_RECORDS TO USE_
###

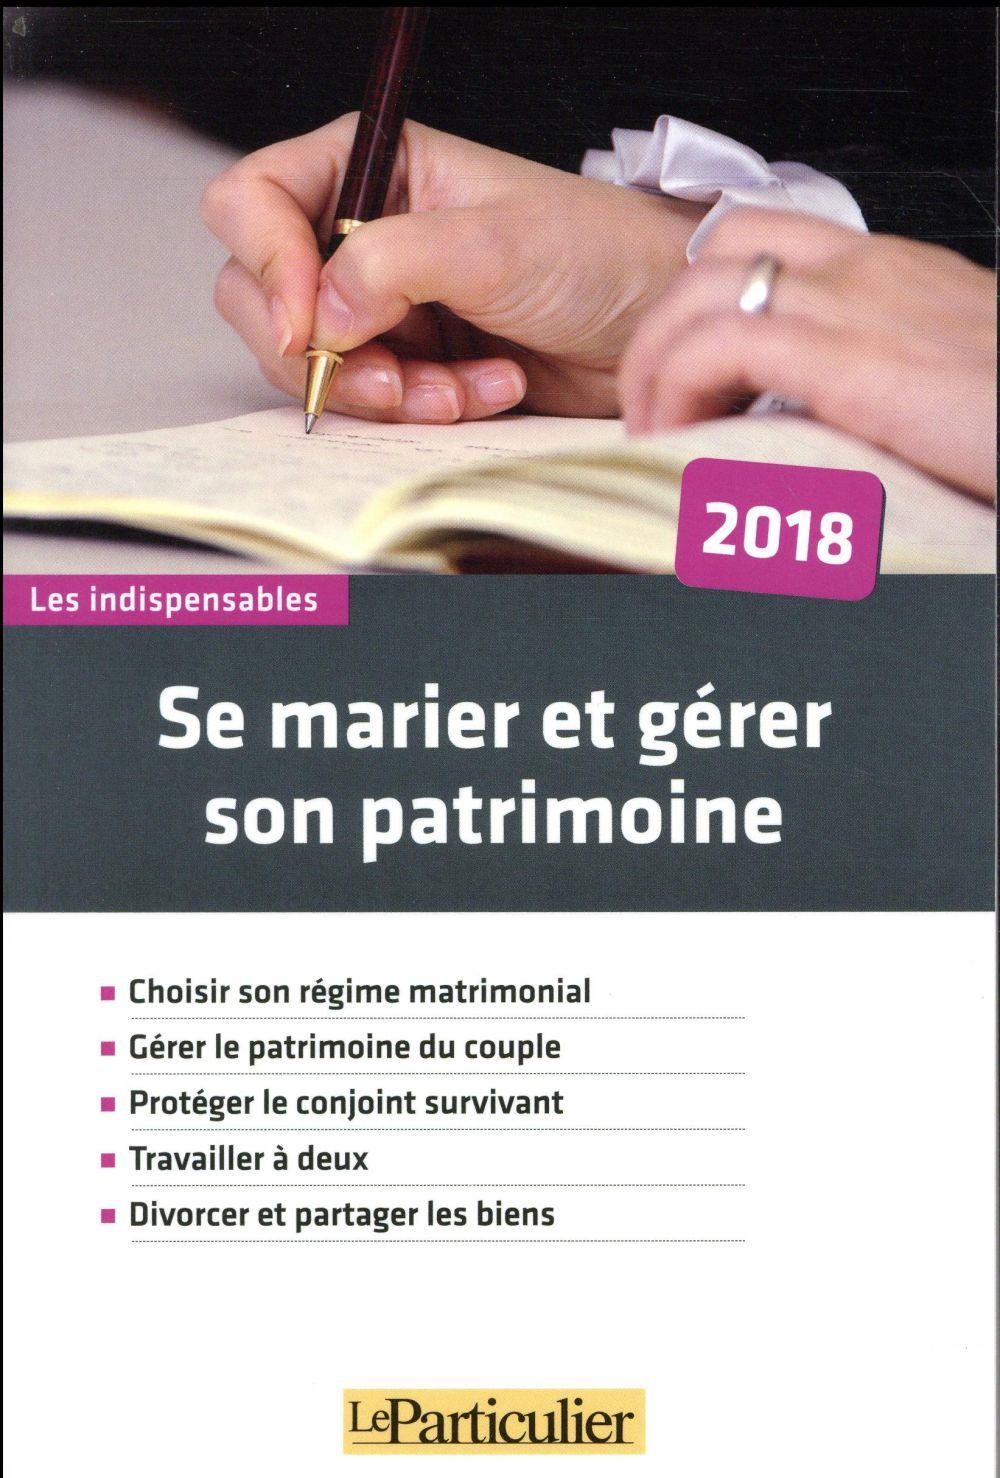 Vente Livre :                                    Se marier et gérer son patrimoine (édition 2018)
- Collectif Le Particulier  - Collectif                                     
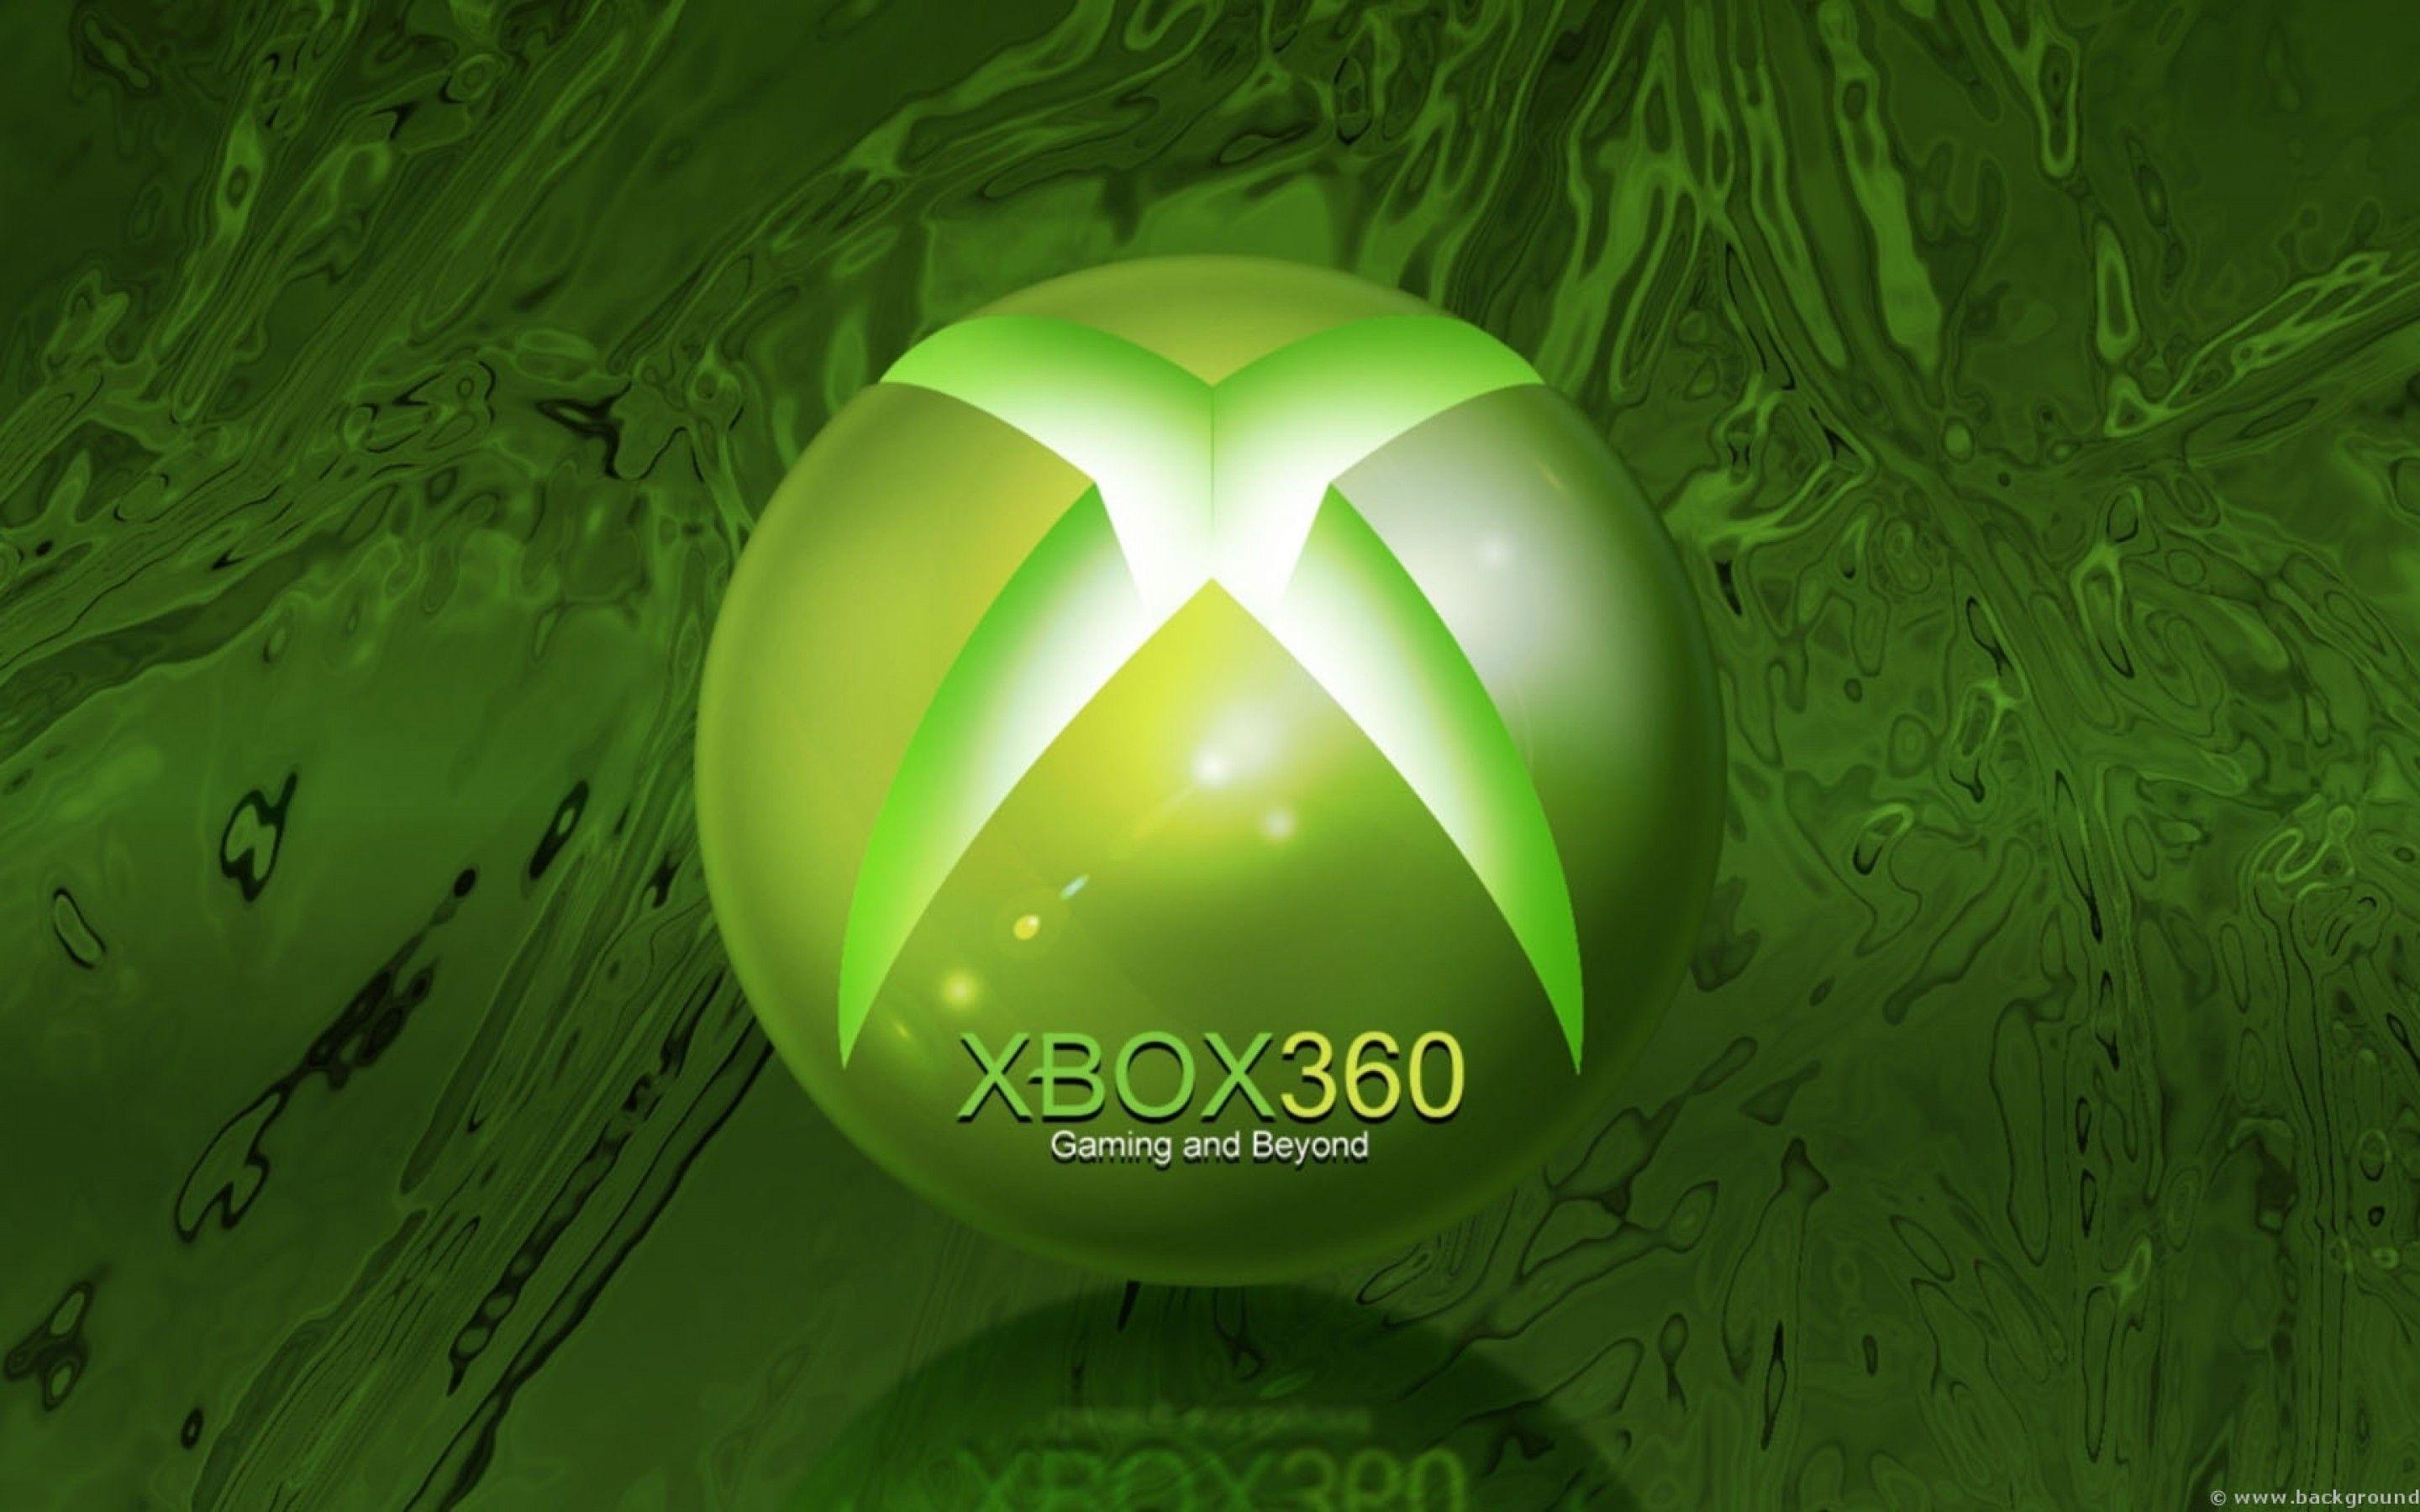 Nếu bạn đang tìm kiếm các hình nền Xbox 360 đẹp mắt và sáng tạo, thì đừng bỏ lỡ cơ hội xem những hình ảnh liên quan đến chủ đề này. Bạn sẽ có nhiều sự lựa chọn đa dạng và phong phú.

###

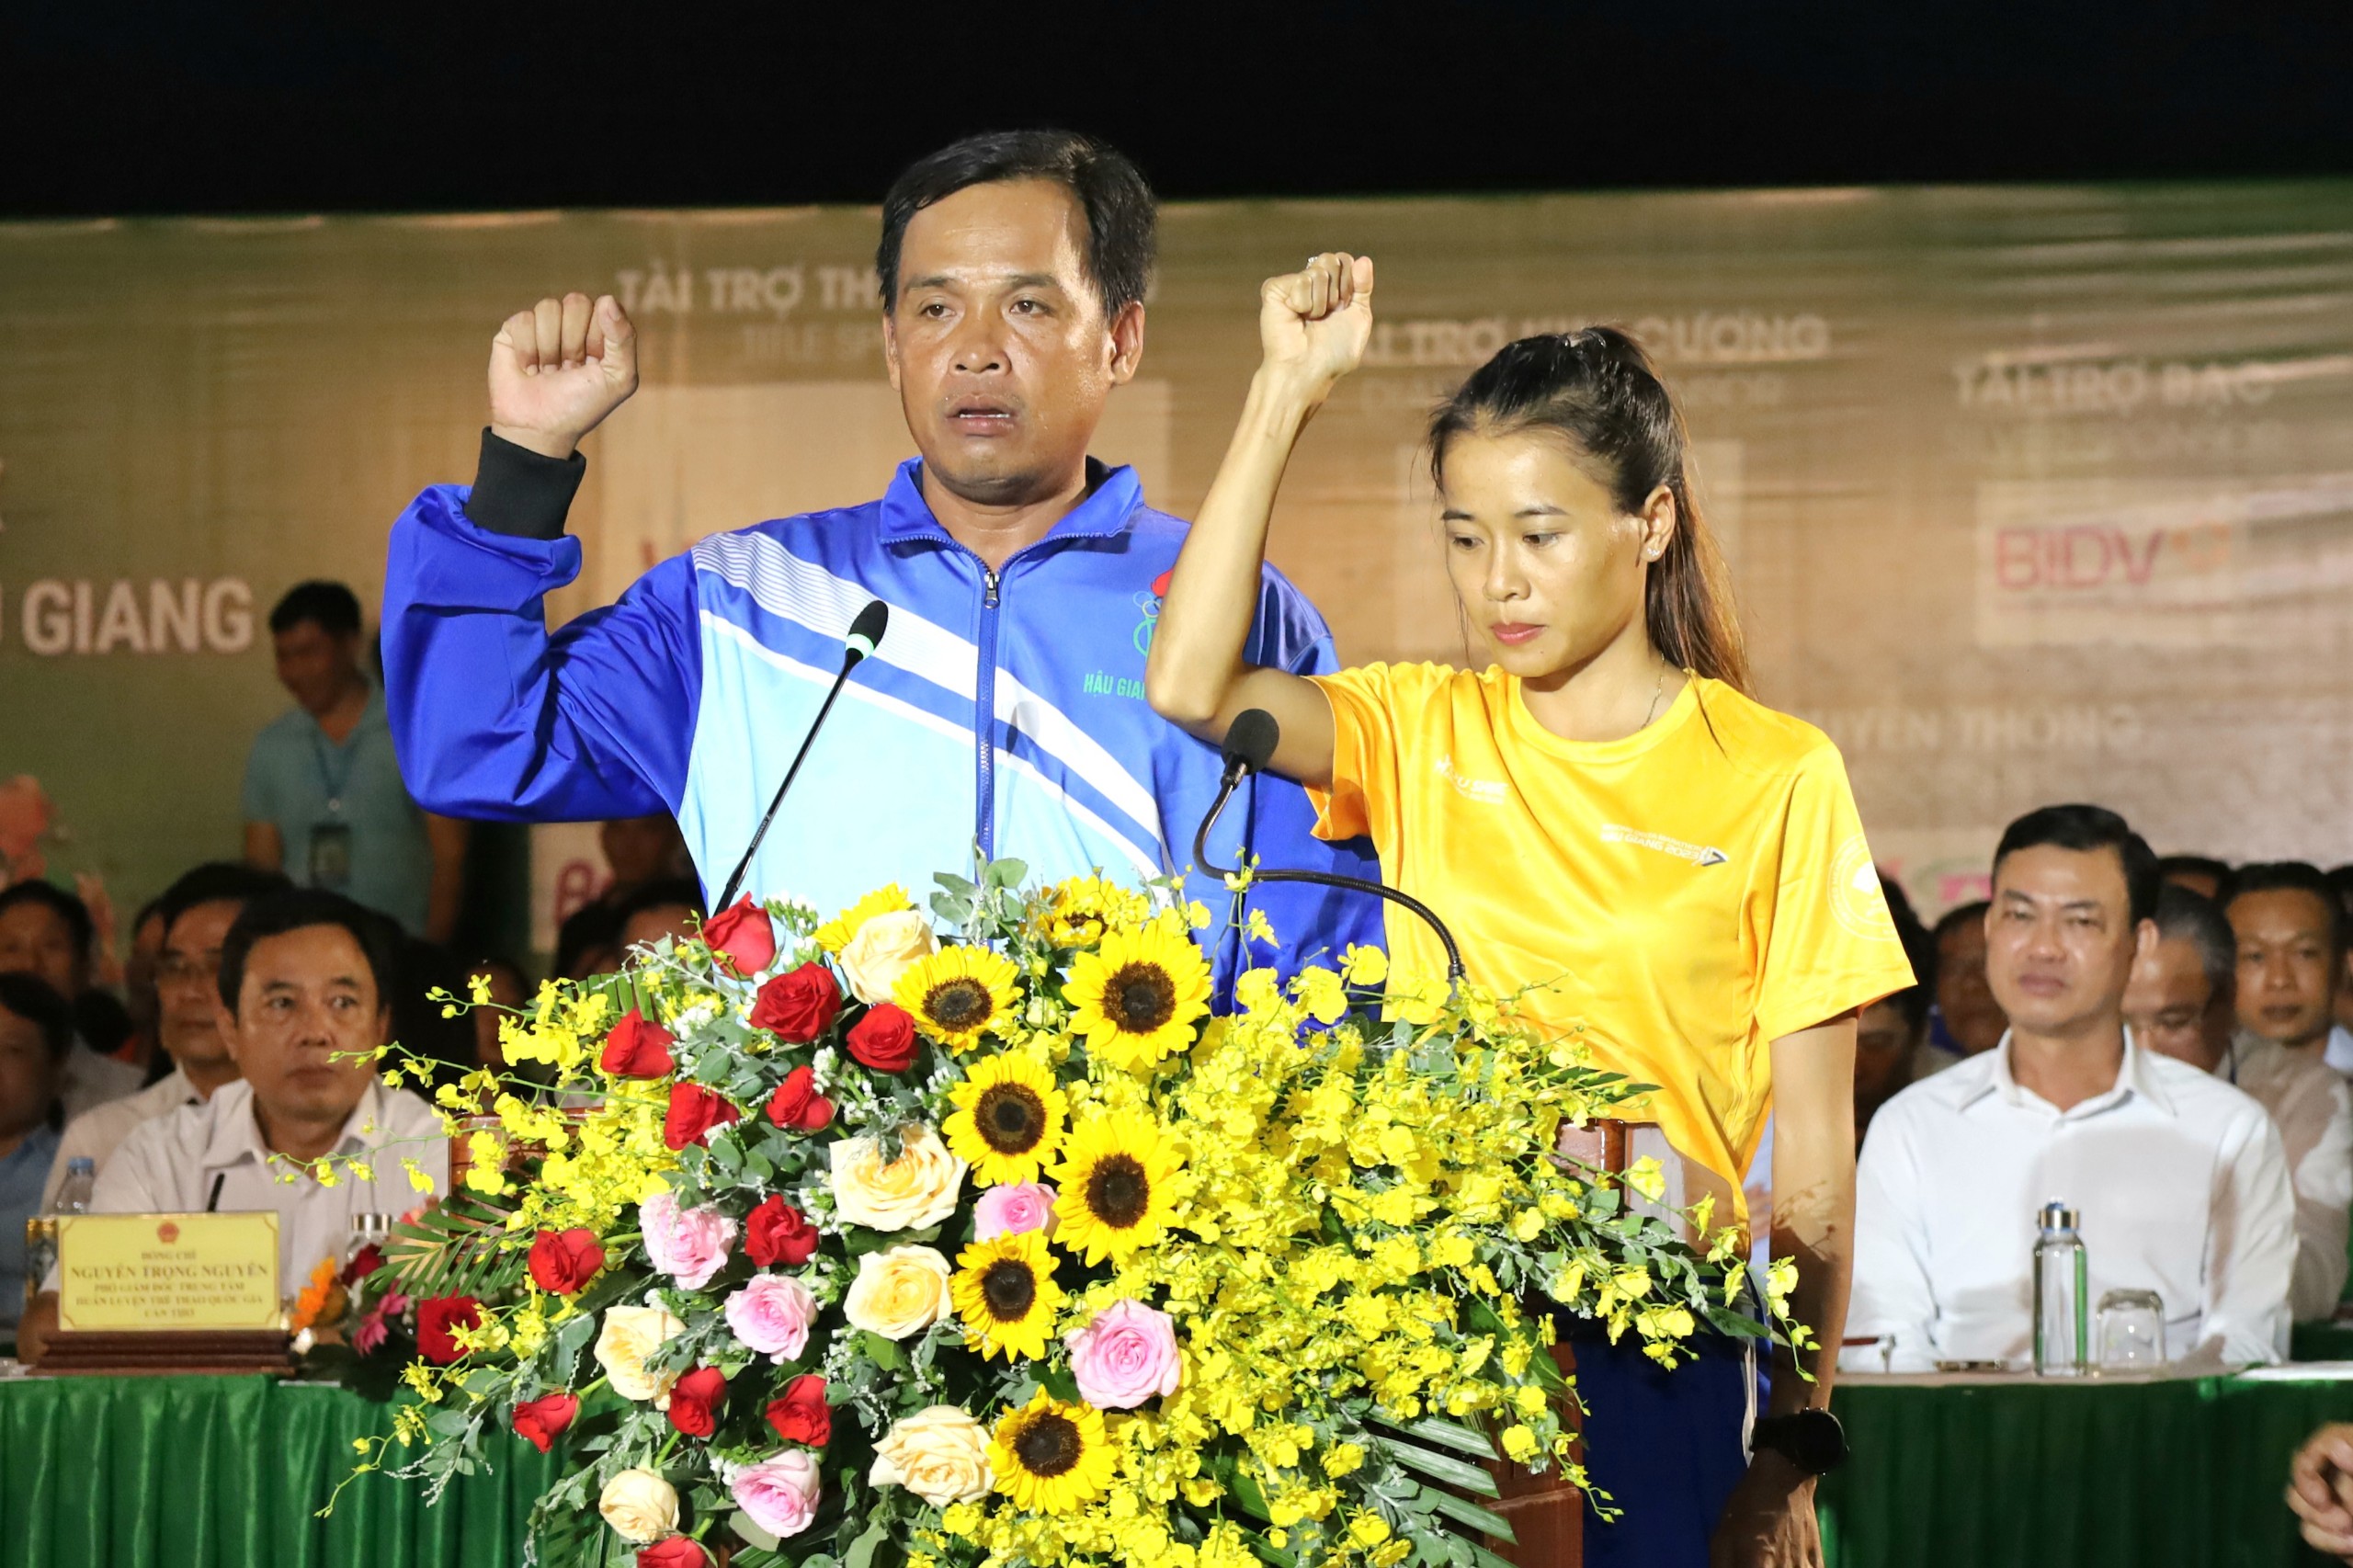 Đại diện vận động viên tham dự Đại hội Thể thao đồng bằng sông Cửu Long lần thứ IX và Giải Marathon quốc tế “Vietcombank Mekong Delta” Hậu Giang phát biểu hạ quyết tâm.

###

_TASK ITEM_
Everything above from the line that has "- Collectif Le" down to the line that has "Nếu bạn đang" should be output exactly, with both of those lines included. Leave the pictures behind.

_WRITTEN SOLUTION_
- Collectif Le Particulier  - Collectif                                     
 Nếu bạn đang tìm kiếm các hình nền Xbox 360 đẹp mắt và sáng tạo, thì đừng bỏ lỡ cơ hội xem những hình ảnh liên quan đến chủ đề này. Bạn sẽ có nhiều sự lựa chọn đa dạng và phong phú.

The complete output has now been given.